And then I discovered two writers who changed my life. First was the openly gay British ex-Dominican priest James Allison, who refers to his books as “Catholic fish flavored with a little gay sauce.” One of his primary themes is the idea that every era and every society needs its scapegoats — and this time around it just happens to be homosexuals’ turn. And, Allison says, it is important for gay and lesbian Catholics — while working for a more enlightened society — to forgive the church as they have been forgiven by Jesus for the same propensity toward persecution.
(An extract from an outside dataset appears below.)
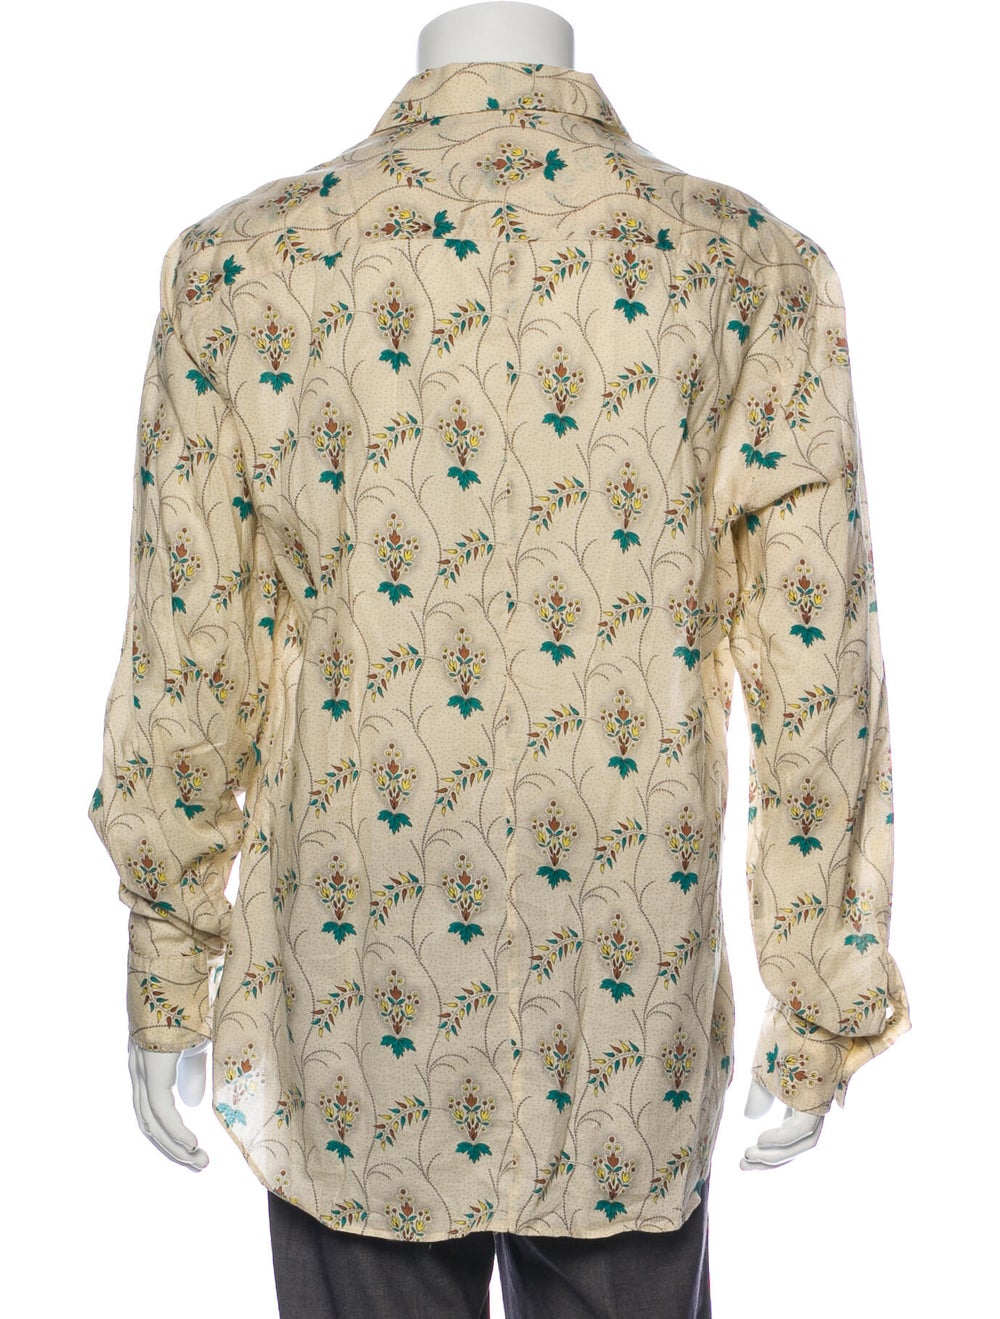 Marni Graphic Print Long Sleeve Shirt - image 3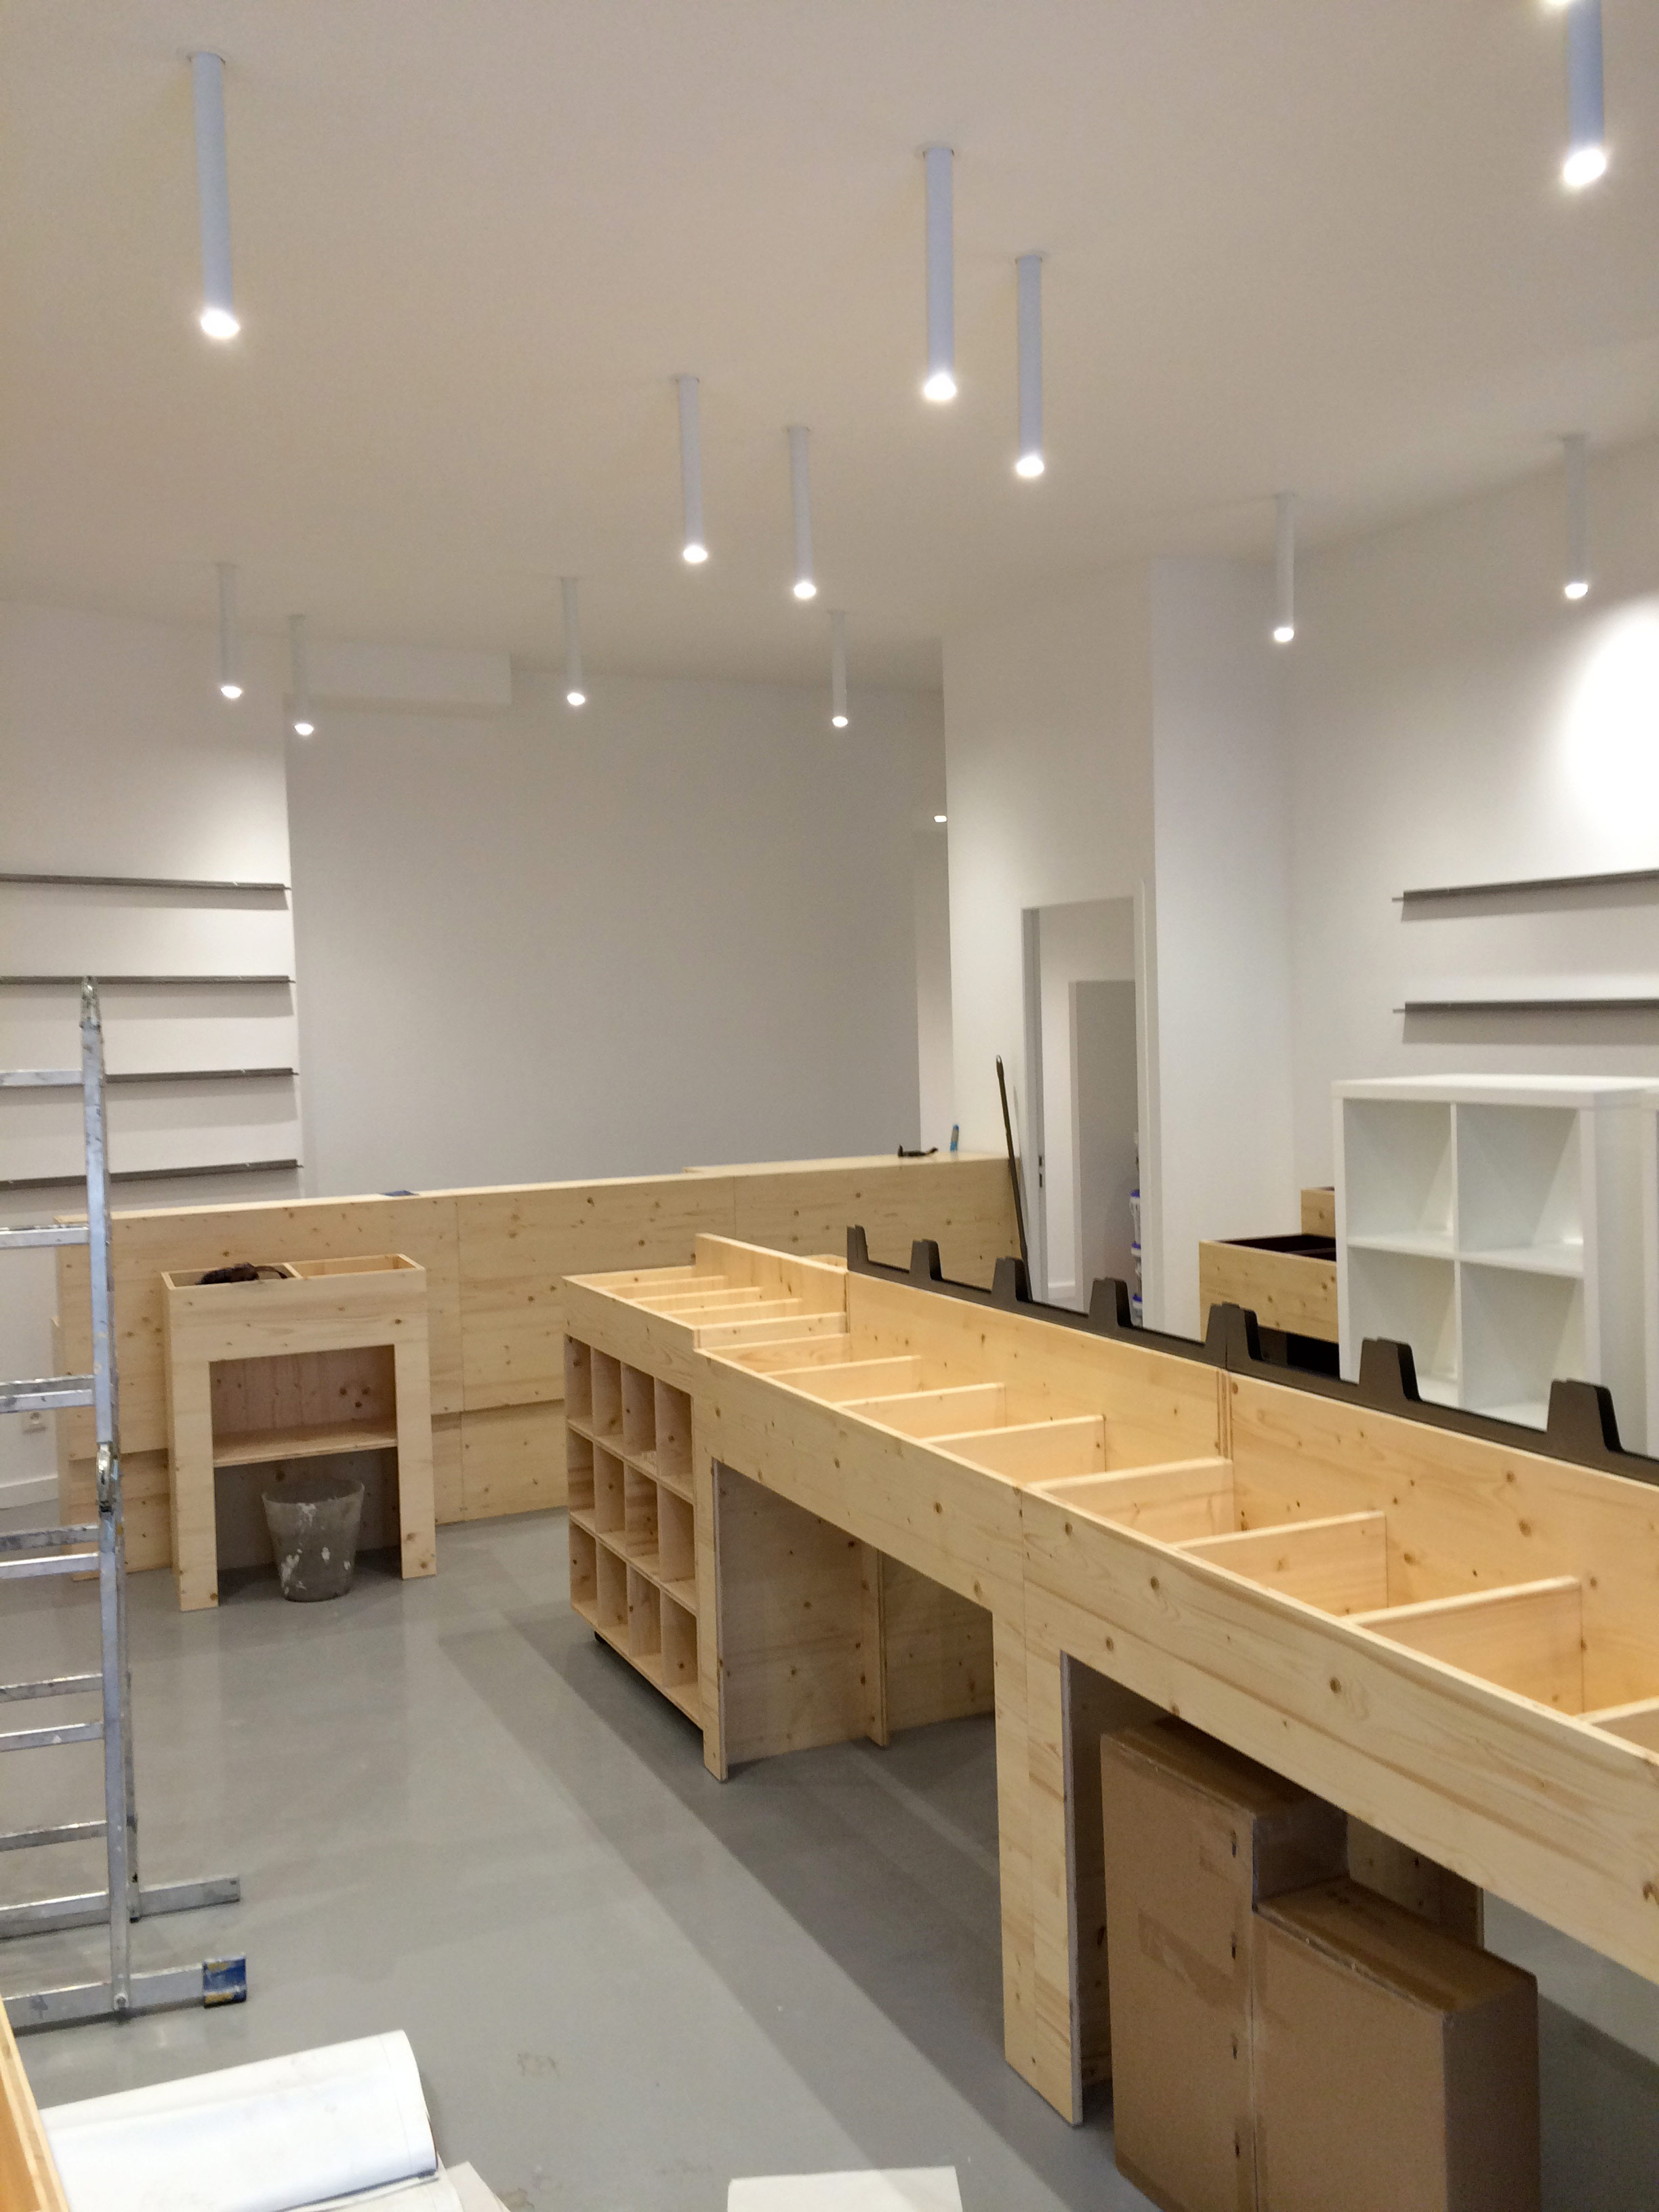 entreprise de r novation et d 39 installation d 39 lectricit lyon 69. Black Bedroom Furniture Sets. Home Design Ideas

For me, the prospect of forgiving the Vatican — which has scarred and alienated so many gays based on admirable if overreaching lessons about the primacy of human life — represented an intriguing challenge. It also brought a chance for salvation from a life of intensifying bitterness toward people who despise and wish to marginalize me for very silly reasons. I have never wanted to be swallowed up by the gay ghetto, although living and working in an exclusive sea of heterosexuals can be a drag, too. Perhaps becoming a Catholic would lead me to my ultimate goal of being comfortable in both worlds, beholden to neither. But that forgiveness hill looked like one tall fucker to climb.

And then I encountered the Pulitzer Prize-winning historian and Catholic critic Garry Wills, who has since become something of a personal hero. Wills — who is straight — is notorious in church circles as the author of Papal Sin, a devastating critique of Vatican authoritarianism. From the reshuffling of pedophile priests to the demonization of gays to the subordination of women in its administrative and liturgical affairs, Wills writes with eloquence and efficiency about what he considers the arrogance, disconnectedness, and even duplicity emanating from Rome on certain issues.

In his most recent book, What Jesus Meant, Wills recounts the actions of a Catholic bishop in San Diego who forbade Christian burial to an openly gay man. “Is there any doubt where Jesus would have stood?” Wills wrote. “He would have stood with the gay man, not his haters.”

Wills is full of contradictions — a rosary-praying renegade, a progressive who firmly believes in end-of-times prophecies, a liberal who pushes for a new appreciation of church fathers like St. Augustine. He is the kind of thinker I can stand proudly with in Catholic communion.

Catholic thinkers like Wills and Allison helped me see that the condemnation of homosexuality is one of the least defensible religious conservative views. It’s based on a cherry-picking of anti-gay codes in Leviticus from the Old Testament and the letters of Paul from the New — ancient cleanliness regulations that legitimize conservatives’ squeamishness at the thought of boys kissing boys. Why haven’t the Concerned Women for America campaigned for laws to quarantine women during their menstrual periods? That would be as biblically correct as anti-gay marriage amendments.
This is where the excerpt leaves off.